Thanks Peter but I have tried surrounding the text with single quotes. I
have
not tried double quotes but since that would lead to an odd number of
double
quotes I would be surprised if it worked.
I tried it before I posted my response and it works here. However, you do
have to /double up/ any double quotes in your data as well, which you may
not have done before.
Obviously I cannot guarantee that it works there for the reasons I have
given, among others.

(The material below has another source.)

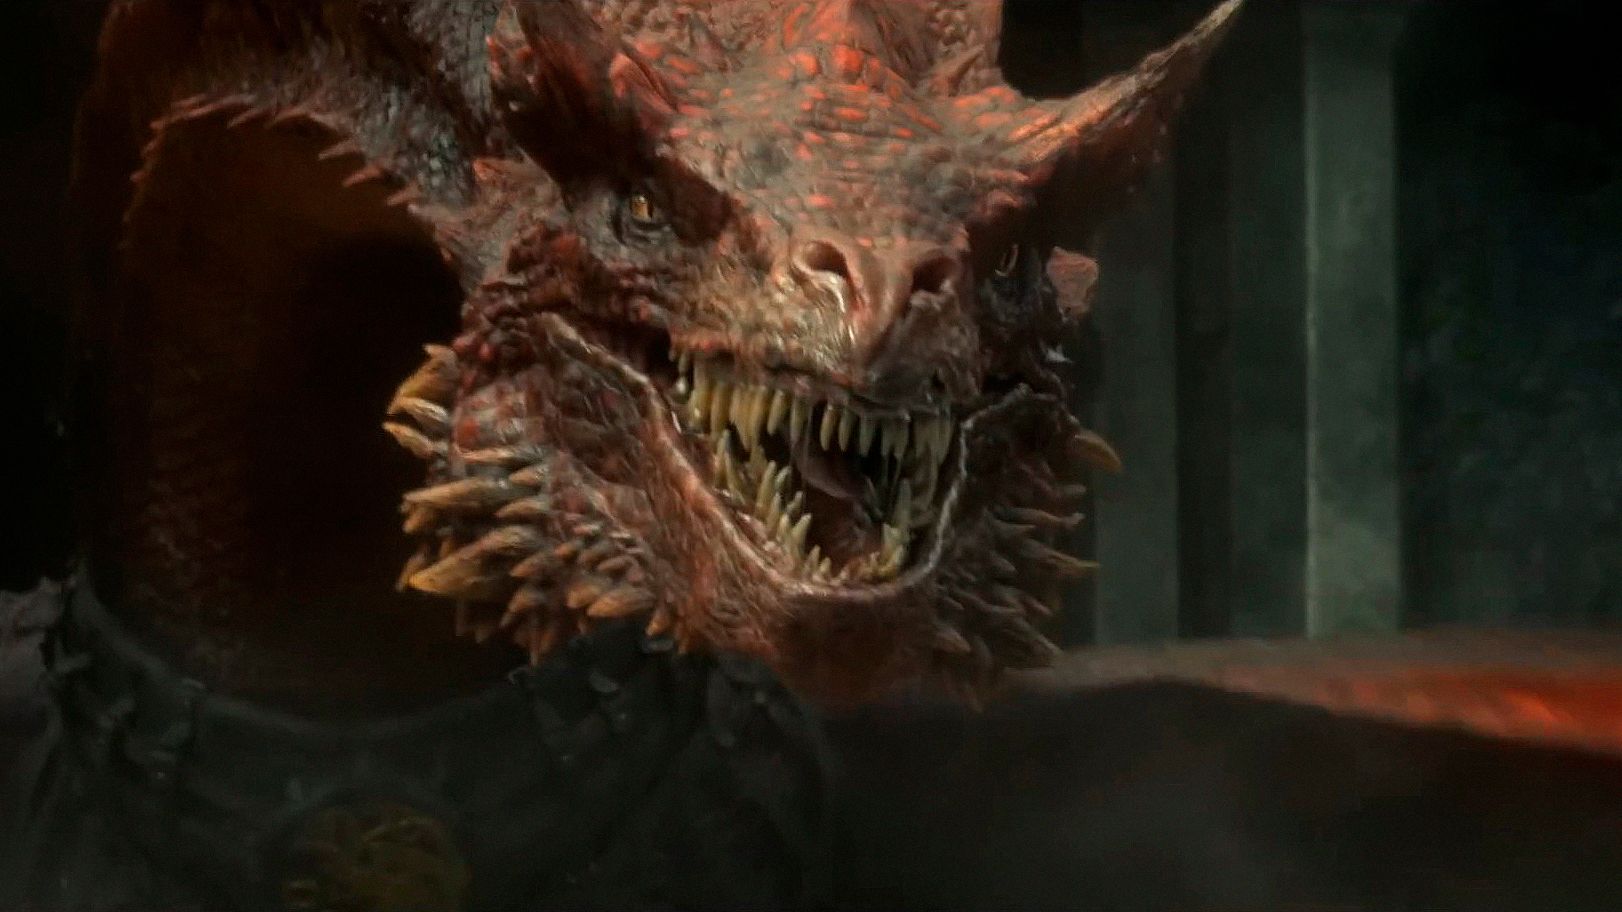 La casa del dragón': HBO pone fecha de estreno a la segunda temporada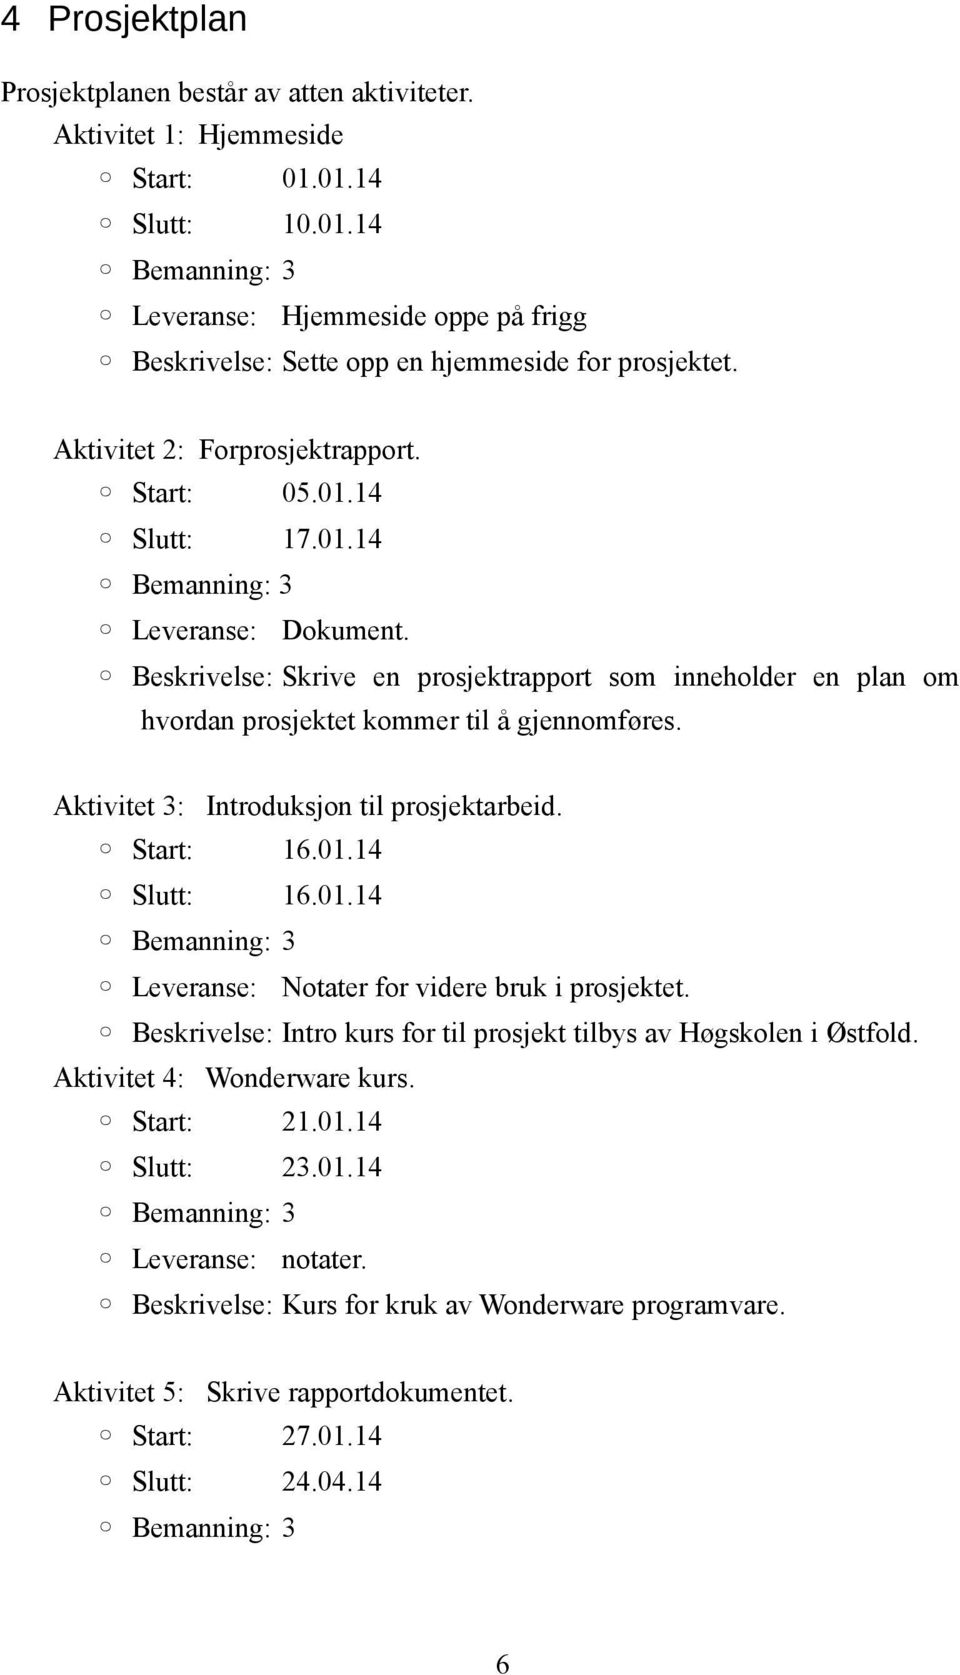 Aktivitet 3: Introduksjon til prosjektarbeid. Start: 16.01.14 Slutt: 16.01.14 Leveranse: Notater for videre bruk i prosjektet. Beskrivelse: Intro kurs for til prosjekt tilbys av Høgskolen i Østfold.

Doubling up "quoted" characters has always been one of
the standard ways to deal with tthis kind of situation as you can see, for
example, if you write a bit of VBA to assign text to a string variable then
mystring = "here is some text with a double quote "" inside it"
it will work.
So why not give it a try?
I have tried prefixing the " with a \ (remember seeing that somewhere) and
I
Yes, among other things there's a curious option in the Compatibility
options within Word to do with \", but I've never got it to do anything
useful.
I will check with the person who wrote the process that fires off and
prints
the document if he is using ODBC but if he is am I screwed or is there a
way
to tell ODBC that the field is valid?
The problem is not so much whether the programmer has chosen to use ODBC. In
some situations Word chooses for you and it's not necessarily
straightforward to choose /not/ to use ODBC.
However, if you have full control over the format of the file you are
creating and can have the Word document changed as well, then there are
other things you can try if none of the above work. I can't say "this or
that particular approach will definitely work whatever you are using, but
a. if you can write any "plain text" type output you could try
- writing an HTML format file containing a table with one cell per
datum. This will probably work for up to around 63 data columns. it doesn't
need to be "standard" HTML with all the right headers for Word to
understand it, e.g. if you have two columns "key" and "text" you can use
<HTML>
<BODY>
<TABLE>
<TR>
<TD>Key</TD>
<TD>Text</TD>
</TR>
<TR>
<TD>1</TD>
<TD>text with " quotes</TD>
</TR>
</TABLE>
</BODY>
</HTML>
You don't get the multiline stuff.
In fact I think you can get away without the <HTML><HEAD> and if you lay out
the text rather differently
<TABLE>
<TR><TD>Key</TD><TD>Text</TD></TR>
<TR><TD>1</TD><TD>text with " quotes</TD></TR>
</TABLE>
you can see that it is structurally similar to a delimited text file, but
with a slightly more complex system of delimiters.
- writing an RTF file with tab delimiters. I can give you more info on what
that needs to look like if you want.
b. If you are able to use Windows API calls - I notice that automating
Excel, or presumably Word, is a step to far for you - you could consider
using ADO to create a .mdb (Jet) file directly. But I guess that depends
primarily on where the processing is happening and so on.
I don't suppose it can be done using a view in your DBMS and a suitable
ODBC/OLEDB connection at the Workstation end?